For the risk-taking DV: One p-value for a Pearson chi square was 0.052 and for the Likelihood ratio it was 0.05. The smaller of the two was reported... I had found evidence that it is more appropriate to use "Likelihood" when one has smaller samples and this was how I convinced myself it was OK.
She's focused here on the researcher degree of freedom issue. The larger problem is the magic dust that seems to sprinkle off p=0.05. If that is the chosen threshold for significance, and my result is right on the cusp, I would be very skeptical of this result. I don't think 0.052 is the better number - they are both bad.
The self-reported DV was p-hacked in that many different power questions were asked and those chosen were the ones that "worked".

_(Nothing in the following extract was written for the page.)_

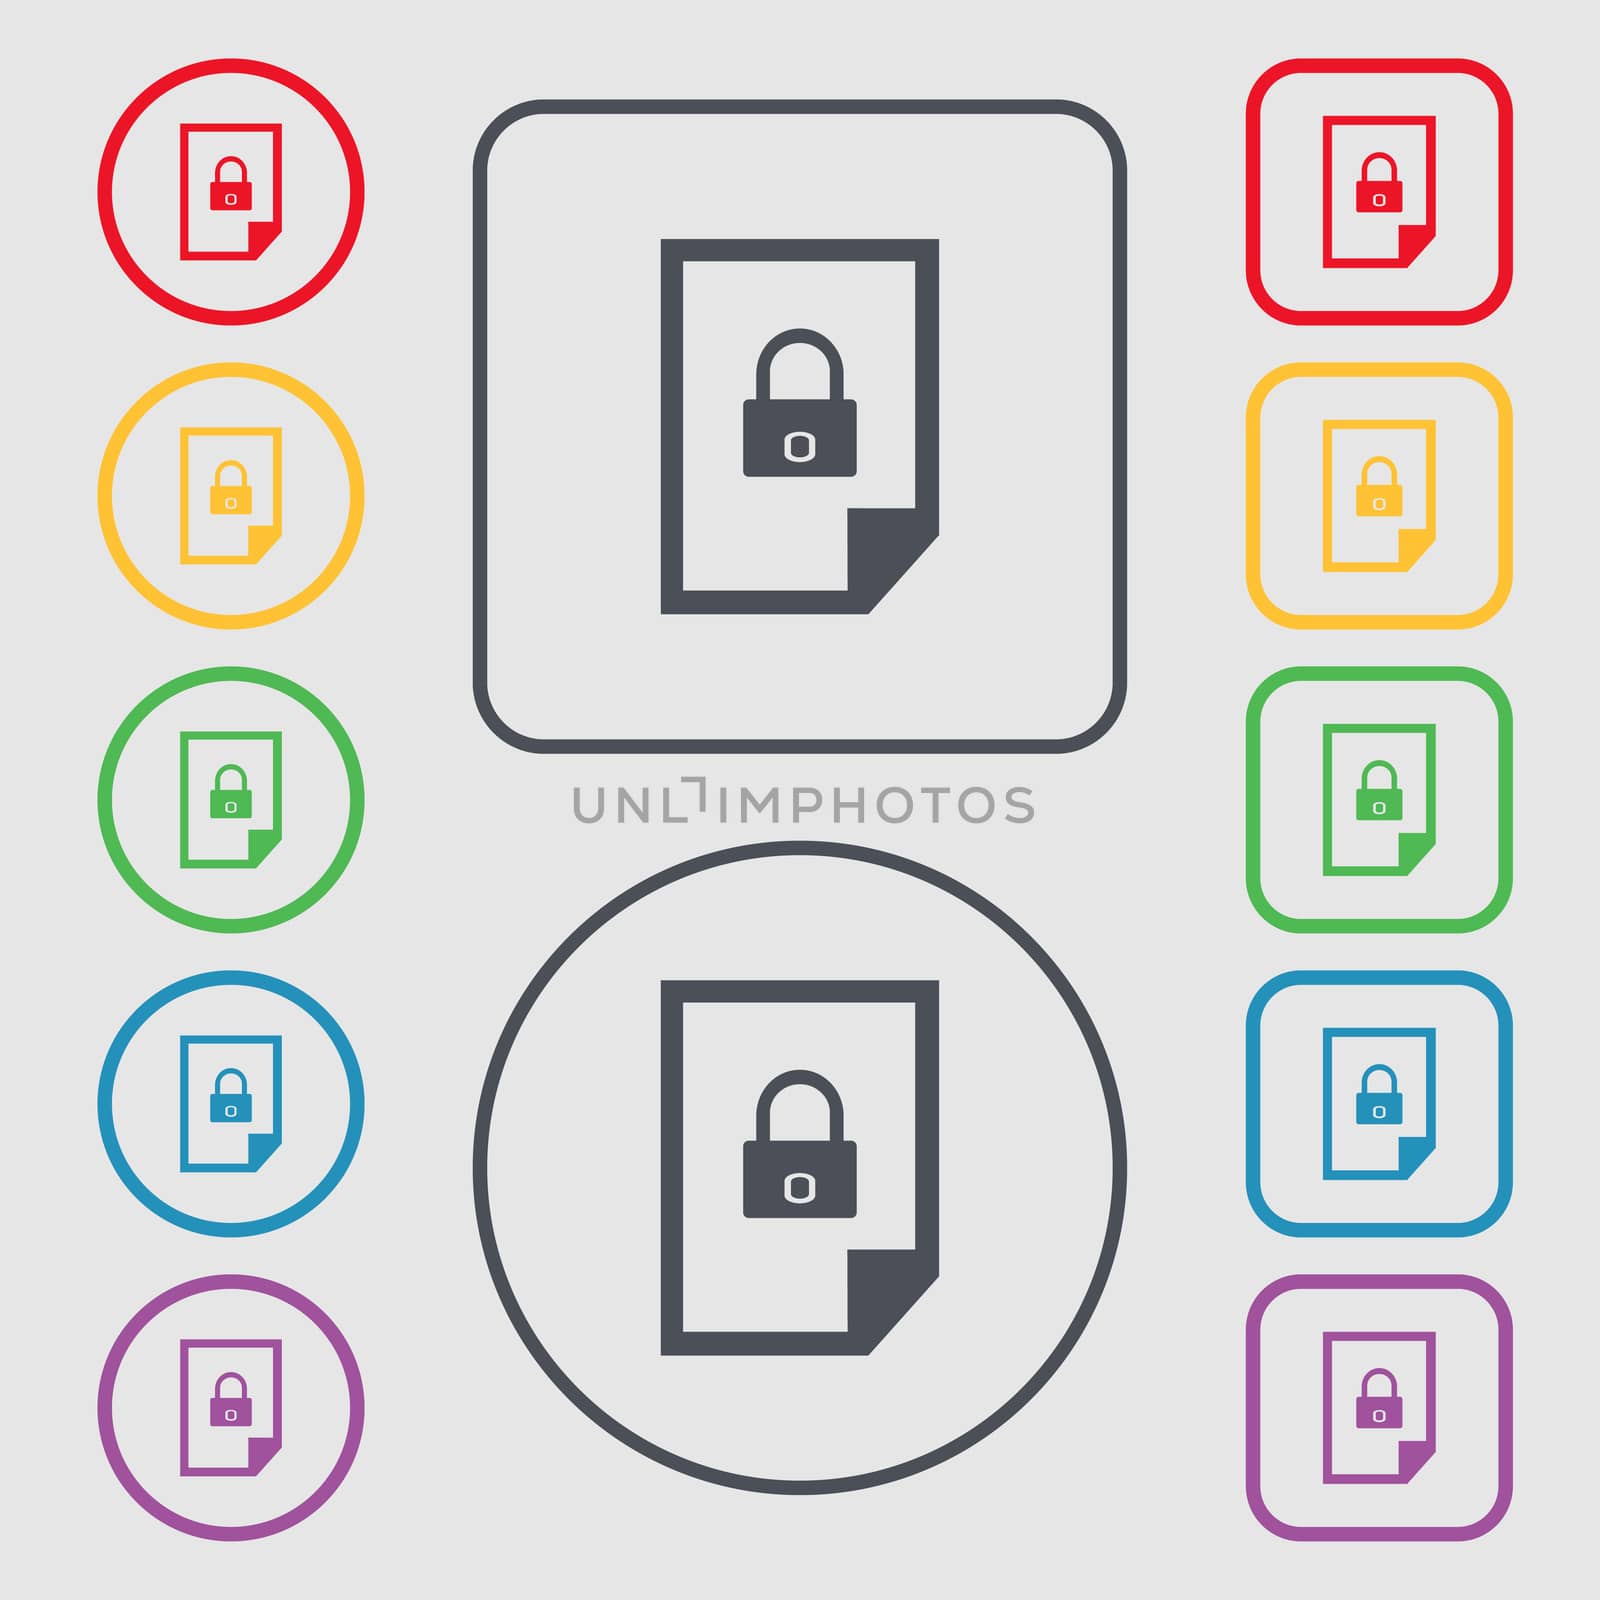 File locked icon sign. Symbols on the Round and square buttons with frame. illustration

Many A/B testing platforms come with a battery of hundreds of metrics automatically computed for each test. No further comment needed.
As of today, the TED talk on "power poses" is still going strong. It has accumulated 36 million "views" and the official description does not mention Dana Carney's retraction.
One thing, though: power pose still works for horses: http://amycuddy.com/horses-can-benefit-from-power-posing-too/
Posted by: Andrew Gelman | 09/29/2016 at 03:21 PM
I particularly like this sentence: "Kathy and I discovered that trainers have been getting their horses to power pose for a long time — for more than two thousand years, in fact"
which we can juxtapose with this sentence from their response to the Ranehill, et. al. critique: "Participants in Ranehill et al.’s study held the poses 300% as long as participants
in Carney et al.’s study. Duration and comfort of poses are very likely to be moderators."
Posted by: Kaiser | 09/29/2016 at 05:37 PM
I was recently reviewing an ethics application and it seemed like they were going to do a similar analysis, so obviously there are people who don't realise what they are doing. To someone who hasn't had an education in mathematical statistics. It probably makes sense to them. I have a 100 subjects and it doesn't give a clear result, so I will get a 100 more and see if that works.
It actually would make an interesting question for students to work out what is the actual distribution of the test statistic and what therefore is actual p value compared to the calculated.
Posted by: Ken | 10/03/2016 at 03:21 AM